Here, the nursing staff appropriately triaged the Plaintiff by ascertaining his complaints and history of his condition, and by taking vital signs. The nursing staff assigned an acuity level which was appropriate based on Plaintiffs stated complaints. The nursing staff appropriately carried out Mr. Yoo's orders for lab work. Lastly, the nursing staff appropriately communicated Mr. Yoo' s discharge instructions to Plaintiff.

(Holland Decl., ¶24(c).) CHMC meets its burden of showing its treatment of Plaintiff was within the standard of care through the expert declaration of Dr. James Holland. 
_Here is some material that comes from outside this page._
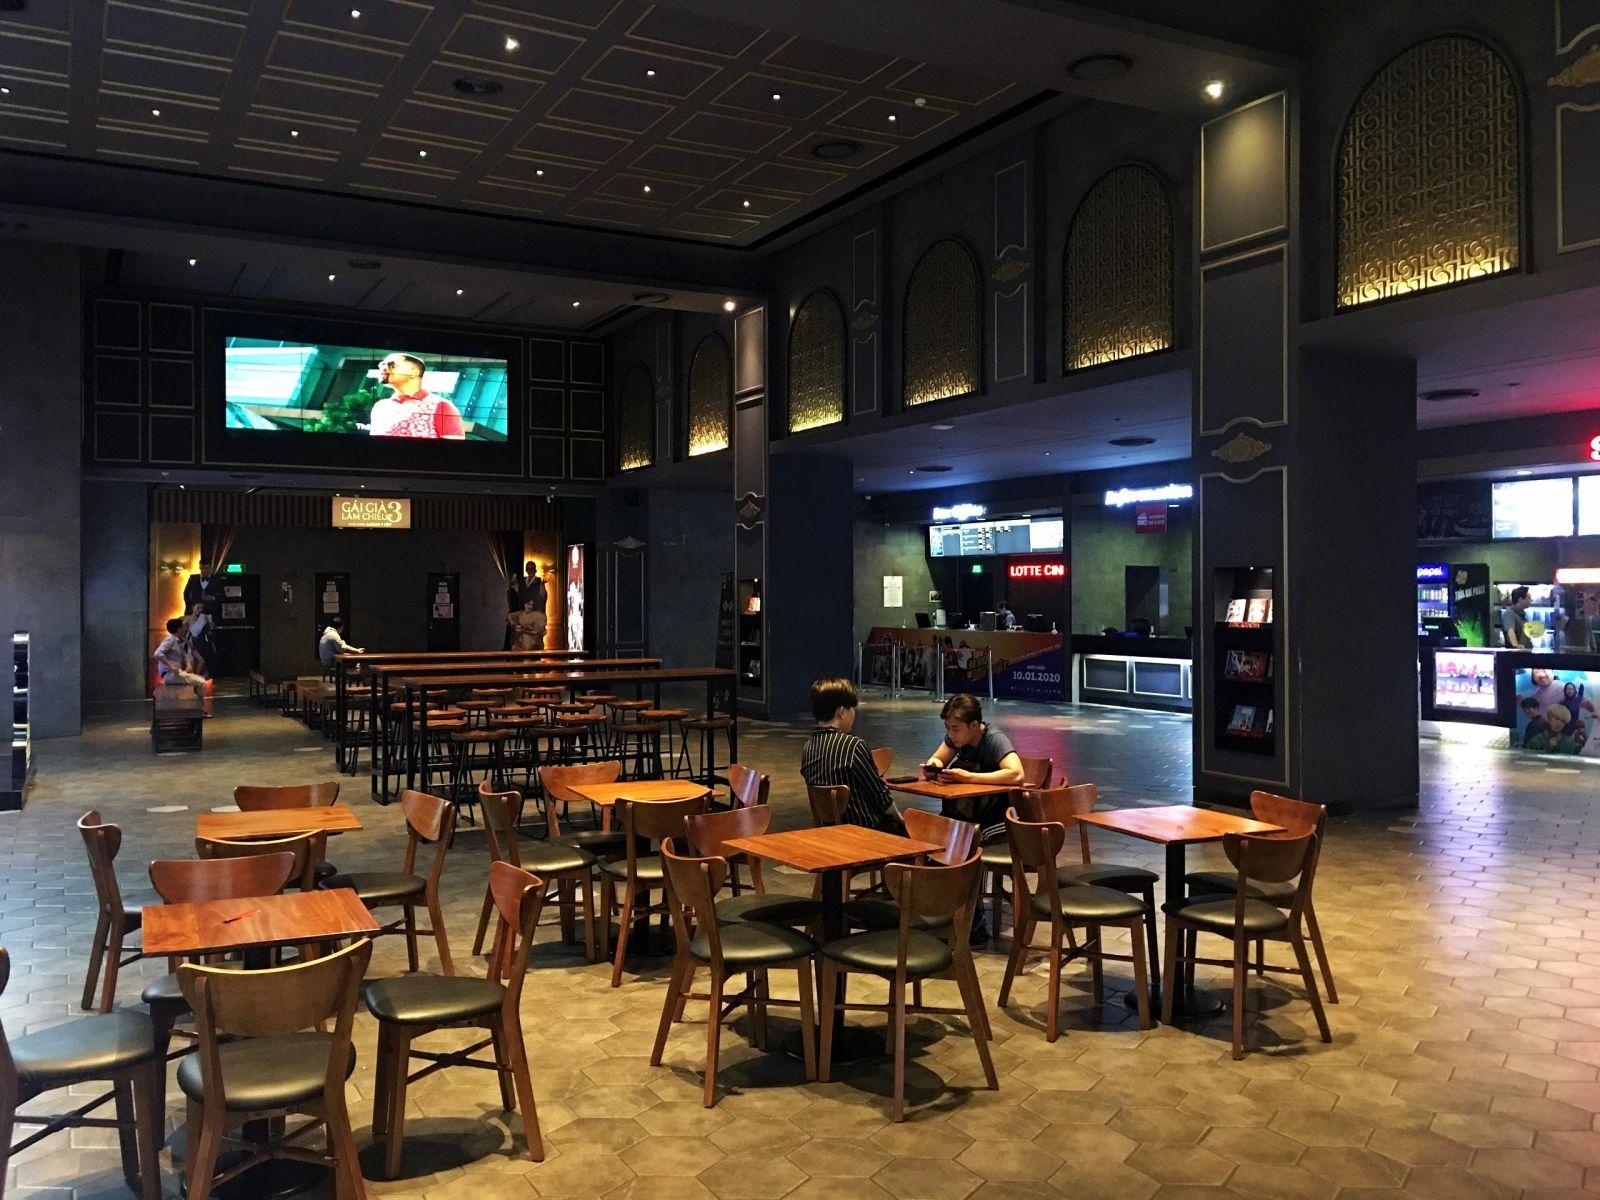 bày trí bàn ghế nội thất tại lotte cinema - gò vấp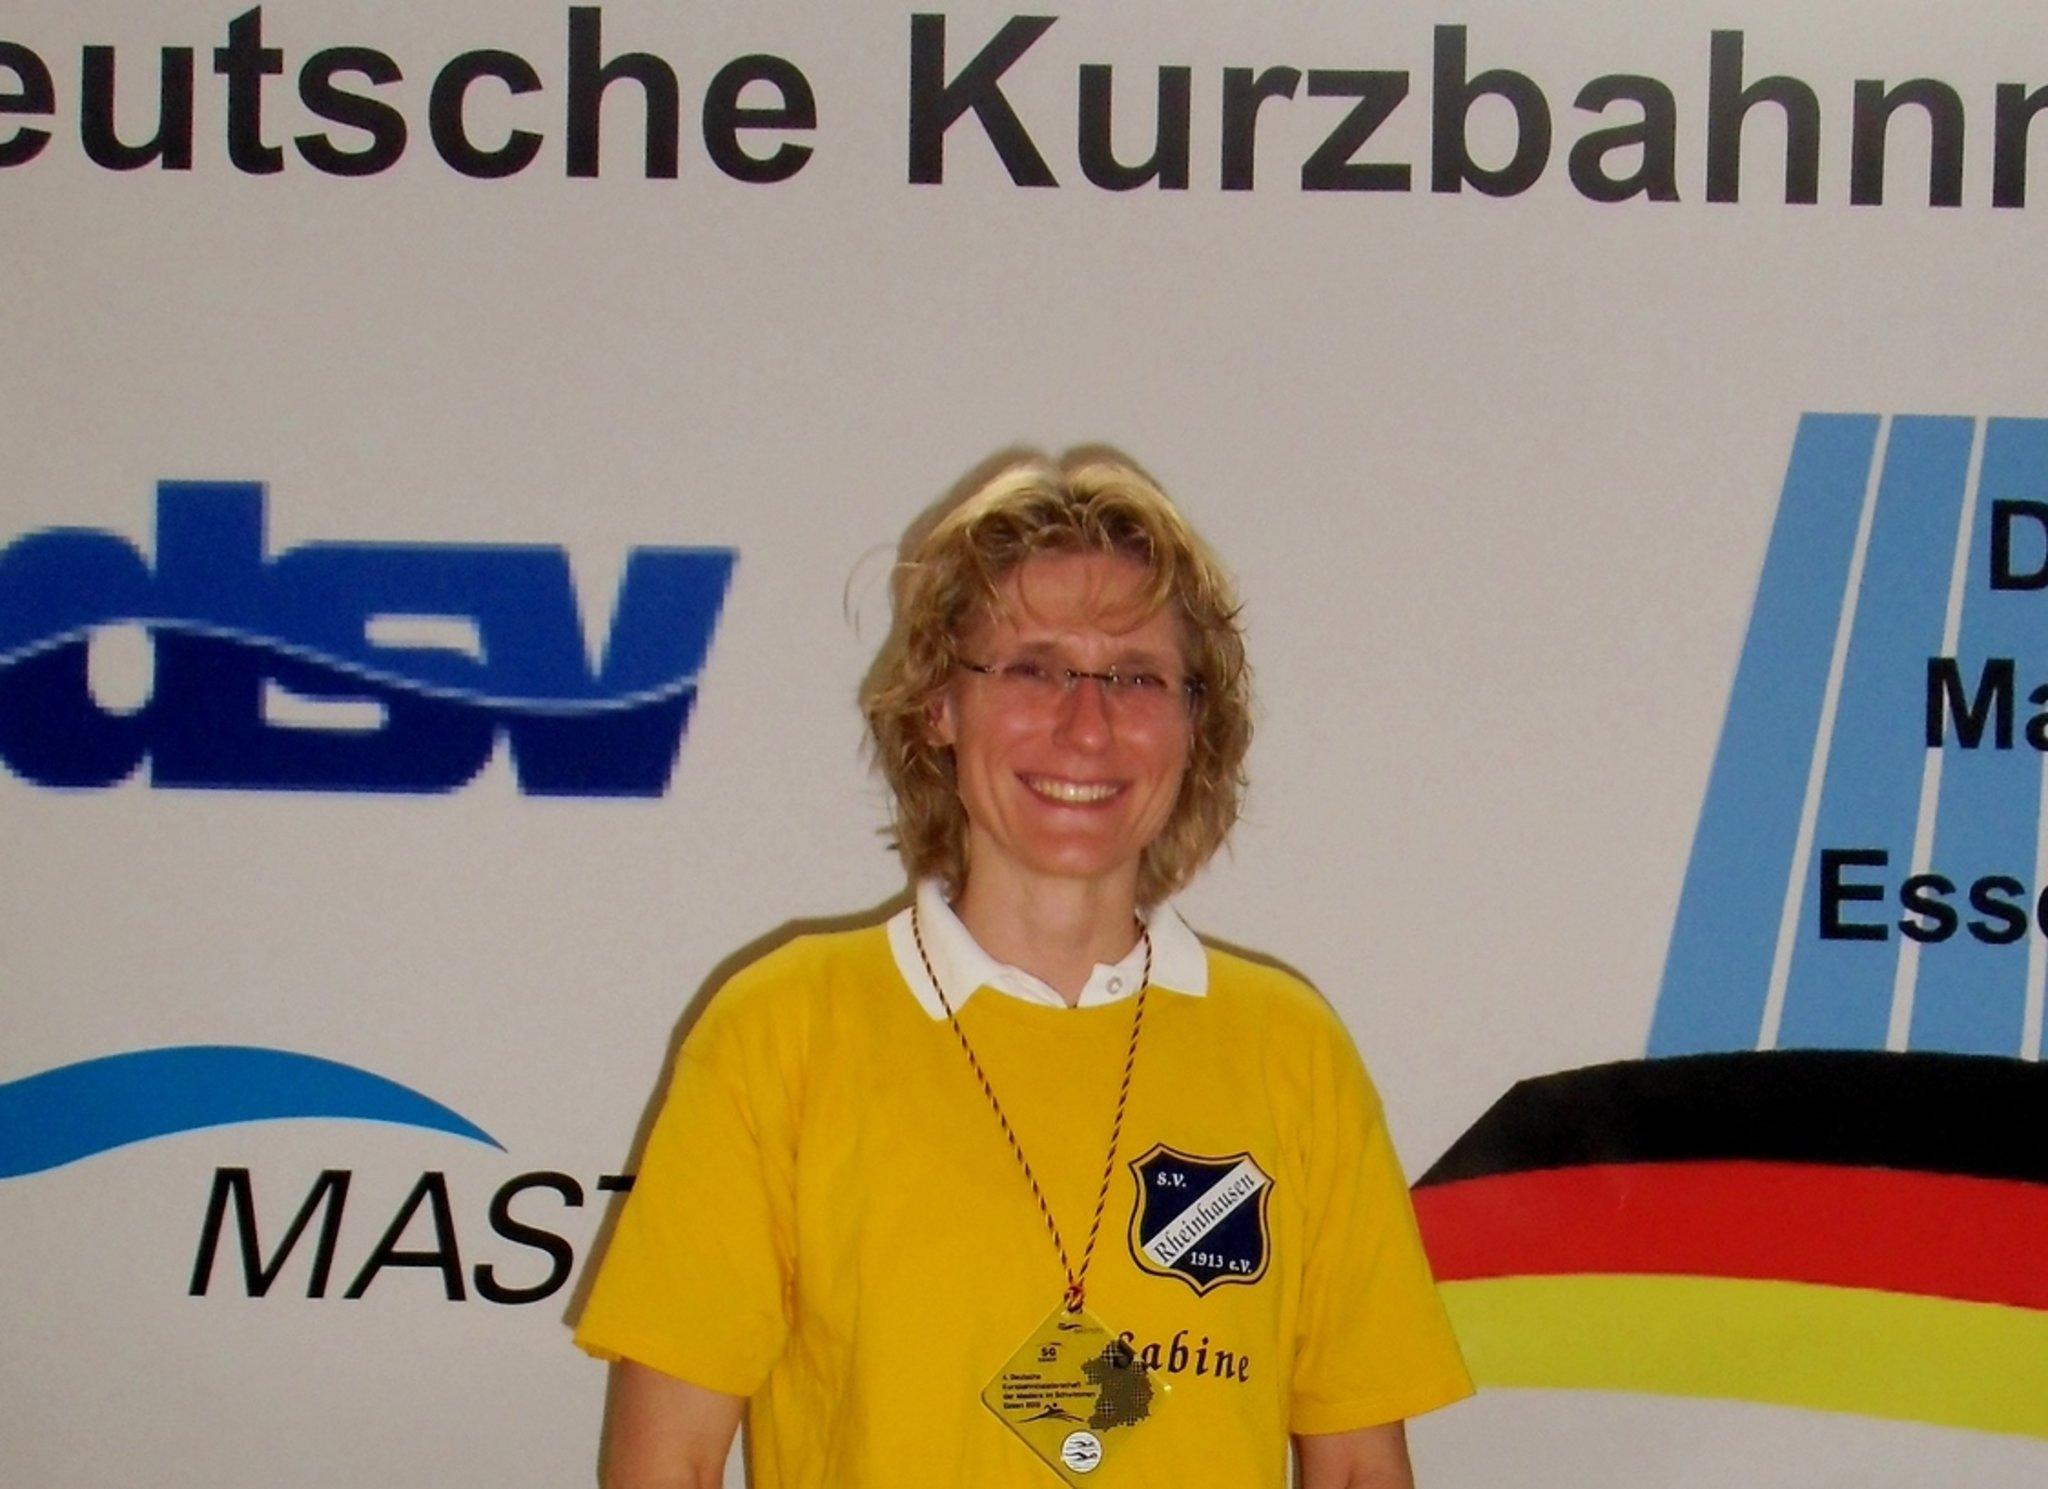 SV Rheinhausen - Sabine Leiding wird zweimal Vizemeisterin ...

As for causation, CHMC also meets its burden of showing its treatment of Plaintiff was not the proximate cause of Plaintiff’s alleged injuries. As previously discussed, CHMC’s evidence shows its treatment of Plaintiff was within the standard of care. Additionally, expert testimony establishes that CHA’s treatment did not cause or contribute to Plaintiff’s alleged injuries: 

Based on my knowledge, training, experience, and review of the materials outlined above, it is my opinion to a reasonable degree of medical probability that no act or omission to act on the part CHA Medical Center, LP., including its nurses and allied health personnel, was a substantial factor which caused or contributed to Plaintiff’s injuries and damages. Furthermore, based on my knowledge, training, experience, and review of the materials outlined above, it is my opinion to a reasonable degree of medical probability that no act or omission to act on the part of the independent physicians and mid-level providers at Hollywood Presbyterian Medical Center caused or contributed to Plaintiff's injuries and damages.
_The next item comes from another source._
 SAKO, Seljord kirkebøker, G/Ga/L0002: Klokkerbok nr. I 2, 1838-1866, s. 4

(Colby Decl., ¶30.) CHMC meets its burden of showing that its treatment of Plaintiff did not cause his alleged injuries through the expert declaration of Dr. Geoffrey Colby. To the contrary, Defendant CHMC has established that the care provided by CHMC was reasonable and within the standard of care.

The burden shifts to Plaintiff. Plaintiff did not oppose this motion and thus fails his burden of showing there are no triable issues of material fact over whether Defendant CHMC’s treatment was within the standard of care or whether the treatment was the proximate cause of Plaintiff’s injuries.

Vicarious Liability

Defendant CHMC also asserts that it cannot be held liable for any negligence by Yoo and Dadfarin as they are independent contractors. Since summary judgment has been granted with respect to Defendants Yoo and Dadfarin, there is no need to reach this issue.